**Material provided:**
·····

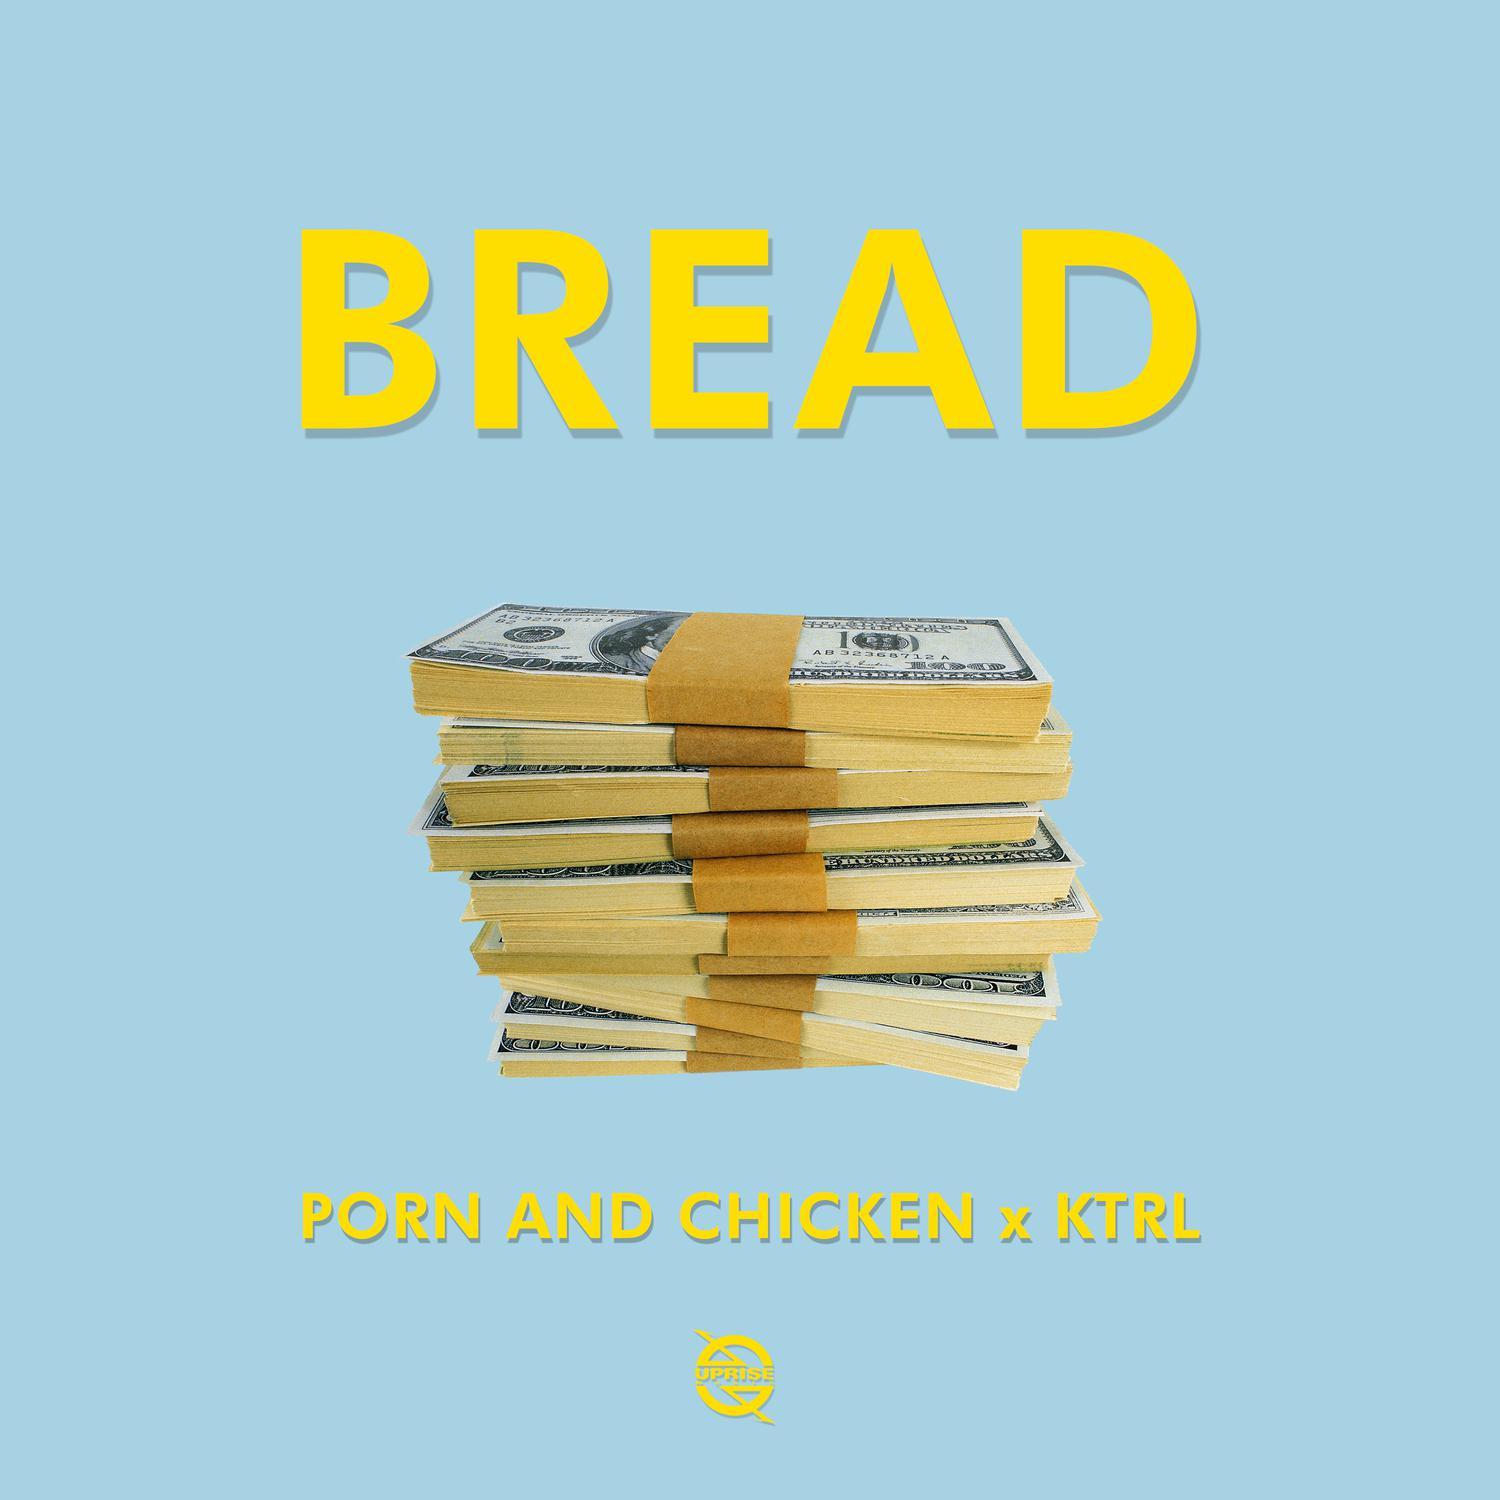 Porn And Chicken - Bread
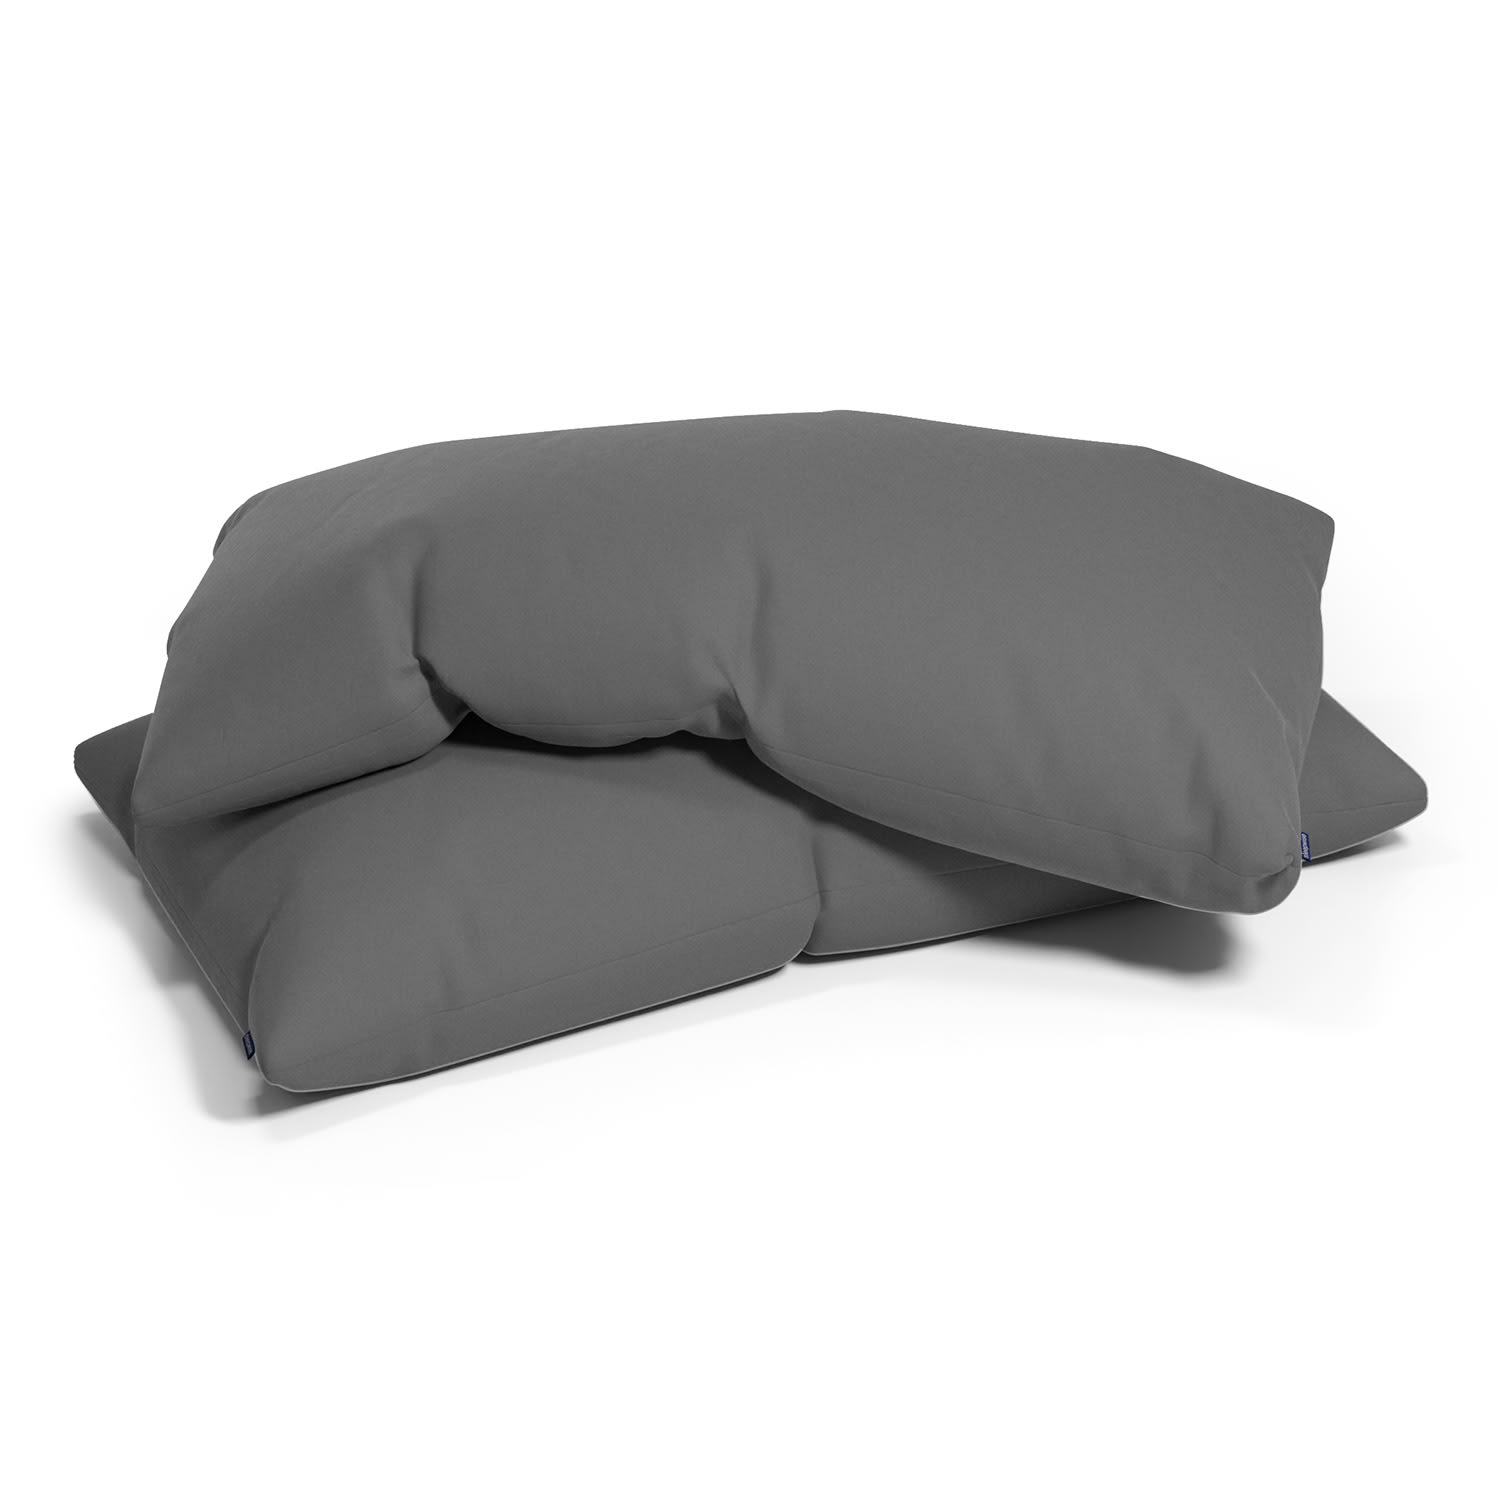 Sleepwise Soft Wonder-Edition, pillowcase, set of 2 pieces, 40 × 80 cm, microfiber
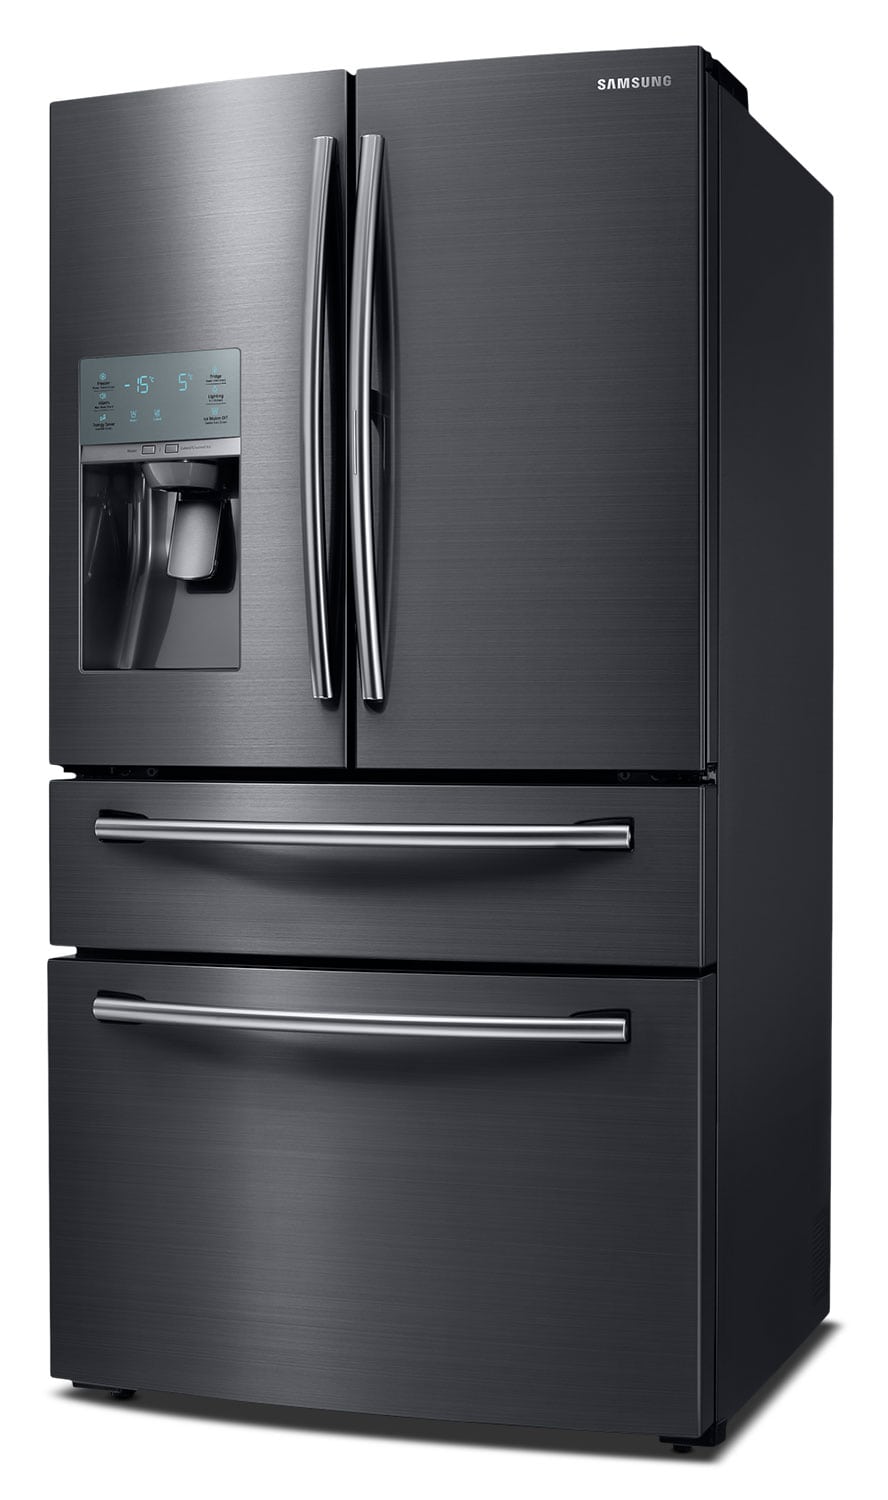 Samsung 27.8 Cu. Ft. French-Door Refrigerator – Black Stainless Steel Black Stainless Steel Refrigerator Samsung

·····

**Your objective:**
The expected output is the full data above, reproduced exactly with no images.

**Response to this exercise:**
 Porn And Chicken - Bread
 Sleepwise Soft Wonder-Edition, pillowcase, set of 2 pieces, 40 × 80 cm, microfiber
 Samsung 27.8 Cu. Ft. French-Door Refrigerator – Black Stainless Steel Black Stainless Steel Refrigerator Samsung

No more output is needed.